■ **TASK TO COMPLETE**
Reproduce the whole of the data exactly.
** ENTRIES SUPPLIED follows **
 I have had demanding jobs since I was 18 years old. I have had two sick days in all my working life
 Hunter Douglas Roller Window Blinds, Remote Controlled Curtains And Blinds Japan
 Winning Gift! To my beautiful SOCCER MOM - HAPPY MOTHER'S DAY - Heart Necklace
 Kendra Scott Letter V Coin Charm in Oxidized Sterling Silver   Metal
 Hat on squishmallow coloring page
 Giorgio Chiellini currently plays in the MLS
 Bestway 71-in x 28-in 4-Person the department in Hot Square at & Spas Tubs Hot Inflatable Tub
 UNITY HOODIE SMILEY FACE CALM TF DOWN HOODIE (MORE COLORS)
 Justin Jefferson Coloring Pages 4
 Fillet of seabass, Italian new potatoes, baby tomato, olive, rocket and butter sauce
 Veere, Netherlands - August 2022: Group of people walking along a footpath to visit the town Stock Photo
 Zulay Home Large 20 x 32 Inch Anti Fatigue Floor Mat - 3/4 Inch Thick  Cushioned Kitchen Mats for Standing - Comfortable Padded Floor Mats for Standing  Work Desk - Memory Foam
** End of ENTRIES SUPPLIED **
■ **ANSWER SECTION**
 I have had demanding jobs since I was 18 years old. I have had two sick days in all my working life
 Hunter Douglas Roller Window Blinds, Remote Controlled Curtains And Blinds Japan
 Winning Gift! To my beautiful SOCCER MOM - HAPPY MOTHER'S DAY - Heart Necklace
 Kendra Scott Letter V Coin Charm in Oxidized Sterling Silver   Metal
 Hat on squishmallow coloring page
 Giorgio Chiellini currently plays in the MLS
 Bestway 71-in x 28-in 4-Person the department in Hot Square at & Spas Tubs Hot Inflatable Tub
 UNITY HOODIE SMILEY FACE CALM TF DOWN HOODIE (MORE COLORS)
 Justin Jefferson Coloring Pages 4
 Fillet of seabass, Italian new potatoes, baby tomato, olive, rocket and butter sauce
 Veere, Netherlands - August 2022: Group of people walking along a footpath to visit the town Stock Photo
 Zulay Home Large 20 x 32 Inch Anti Fatigue Floor Mat - 3/4 Inch Thick  Cushioned Kitchen Mats for Standing - Comfortable Padded Floor Mats for Standing  Work Desk - Memory Foam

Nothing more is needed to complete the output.